• _EXERCISE PROMPT_: Can the lines below, from the one that holds "Іграшковий Динозавр Zhang" to the very end, be echoed exactly, with both ends included and no pictures?
[[ MATERIAL PROVIDED open ]]
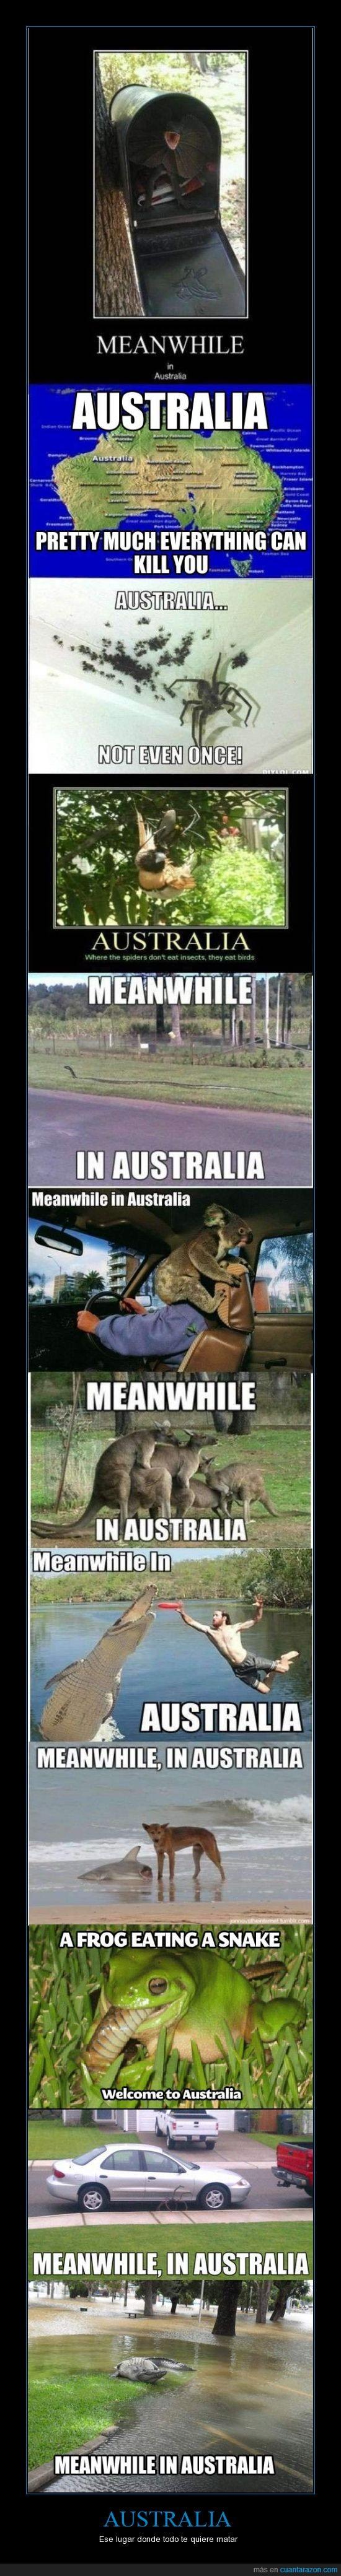 animales,araña,australia,charco,cocodrilo,comer,gigante
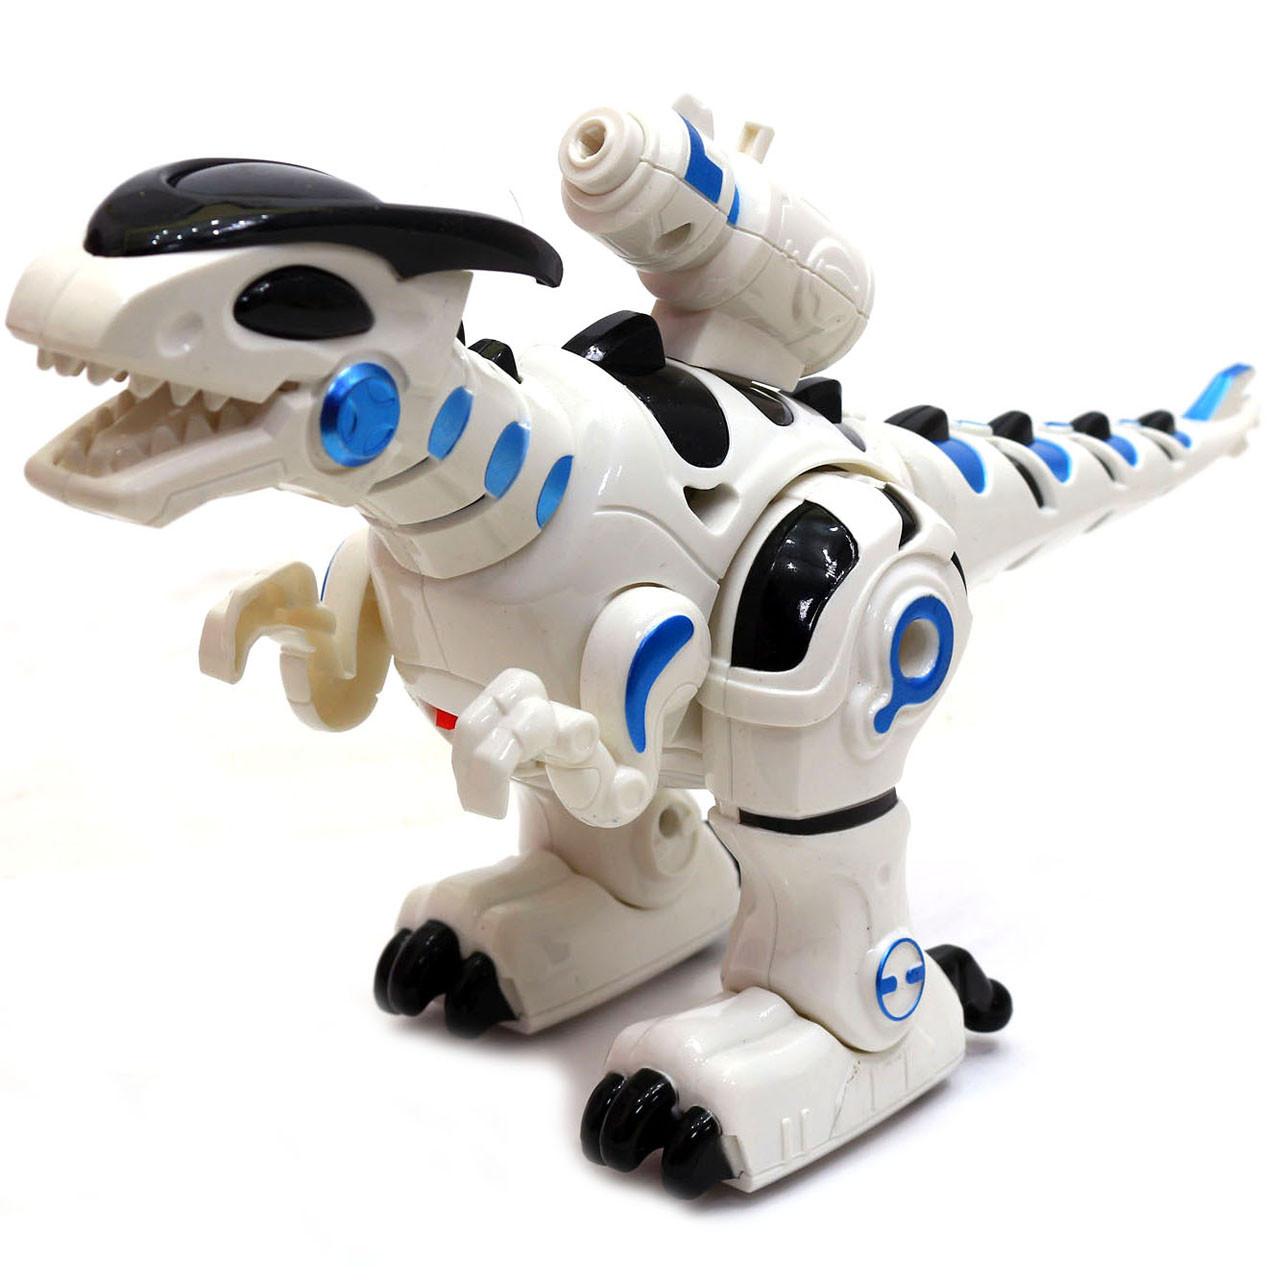 Іграшковий Динозавр Zhang Han музичний з ефектами (0830)
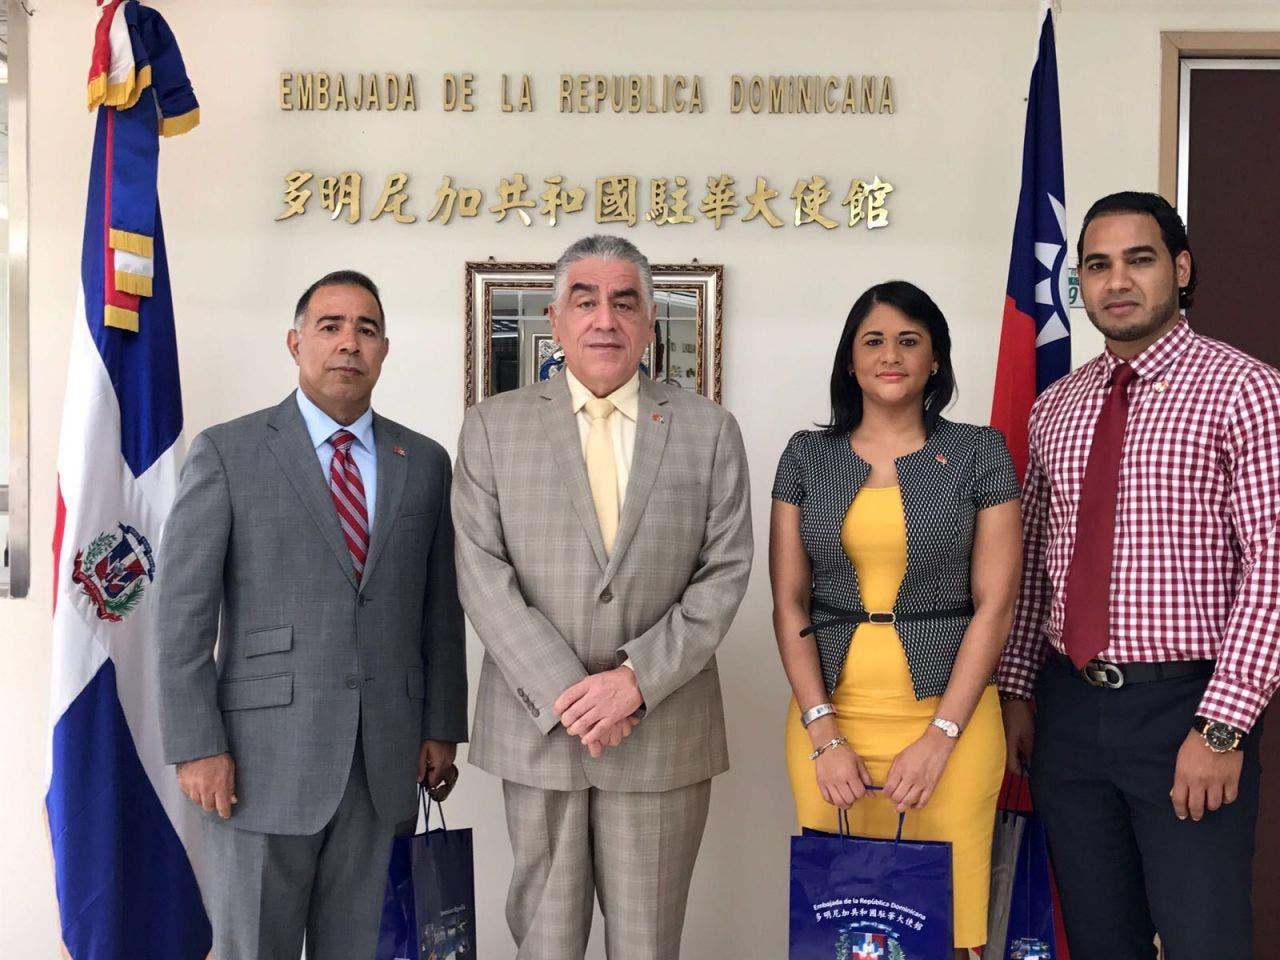 Taiwán entrena dominicanos en e-comerce; embajador Soto Jiménez los recibe en Taipei
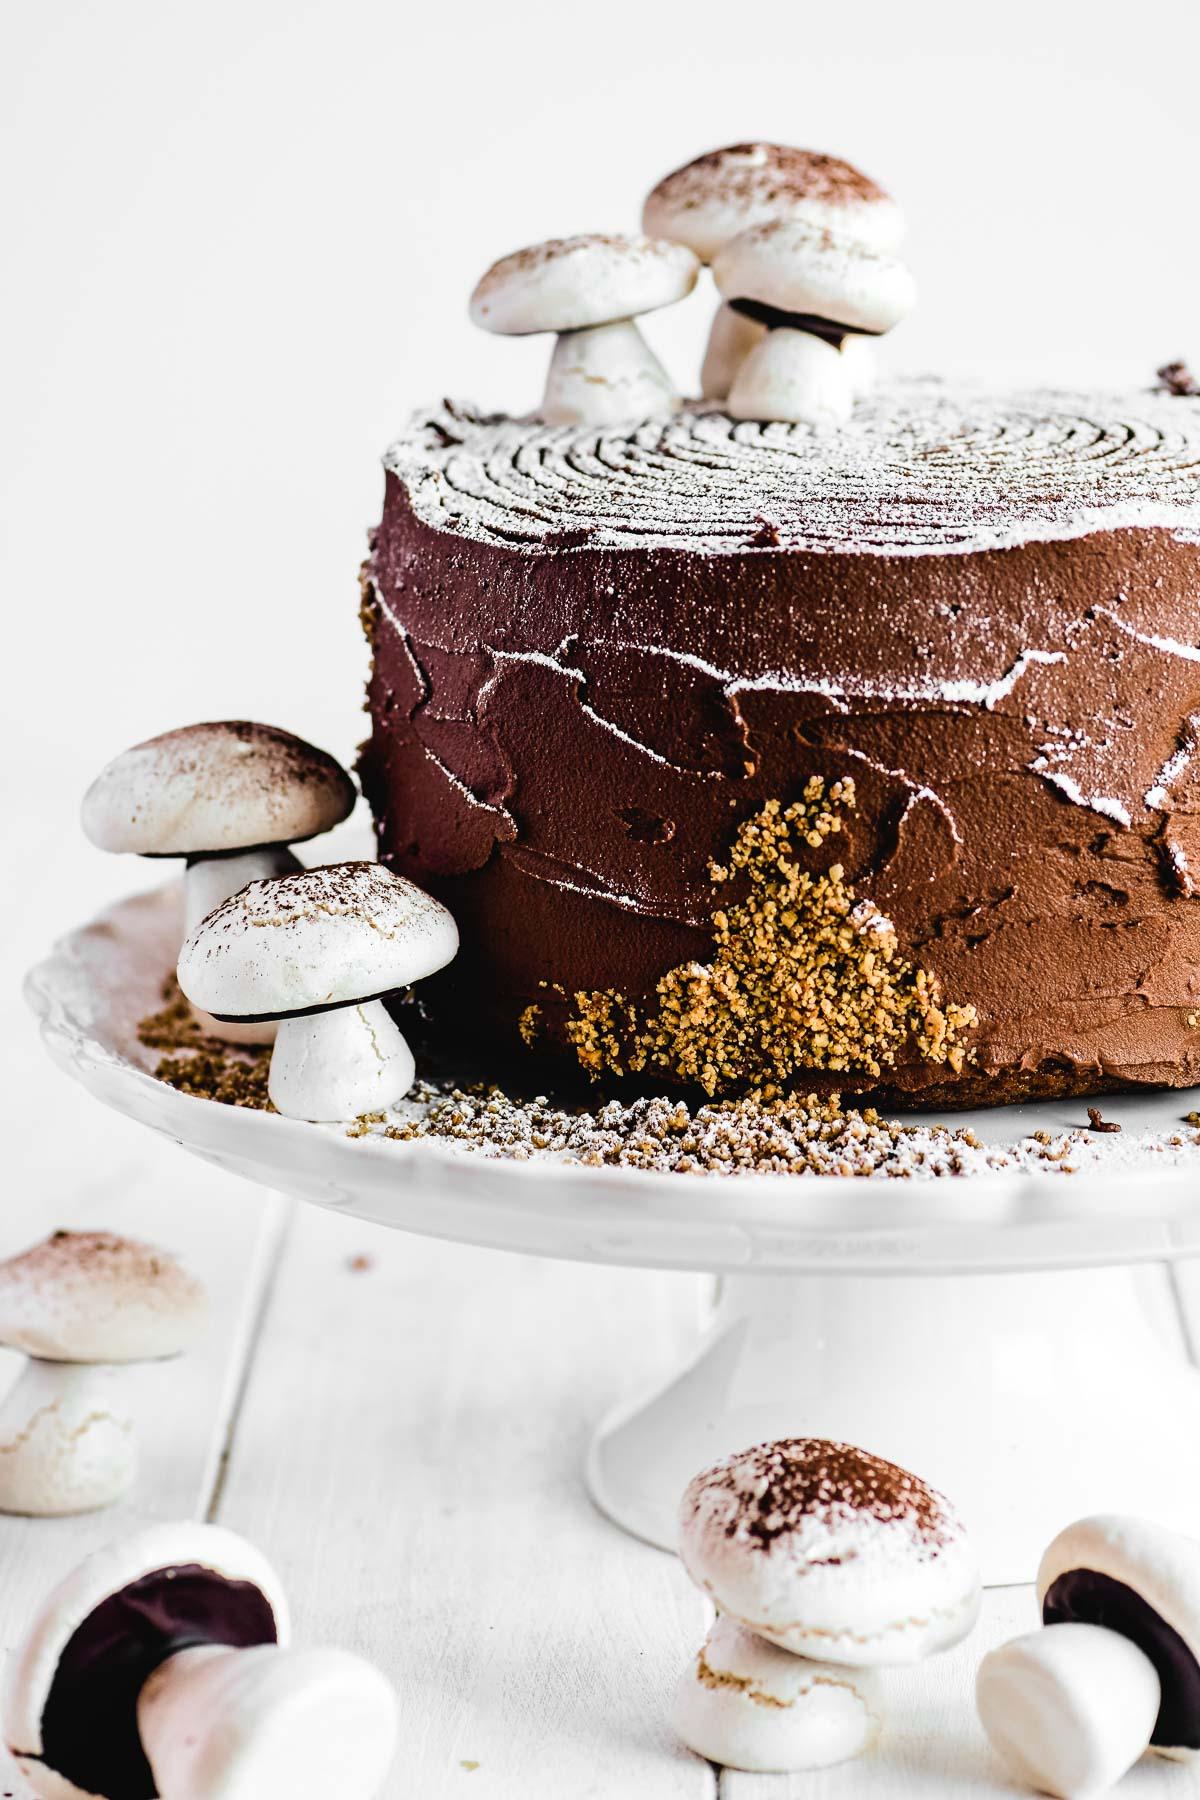 buche de noel layer cake with meringue mushrooms
[[ MATERIAL PROVIDED closed ]]
• _OUTPUT OF THE TASK_:
 Іграшковий Динозавр Zhang Han музичний з ефектами (0830)
 Taiwán entrena dominicanos en e-comerce; embajador Soto Jiménez los recibe en Taipei
 buche de noel layer cake with meringue mushrooms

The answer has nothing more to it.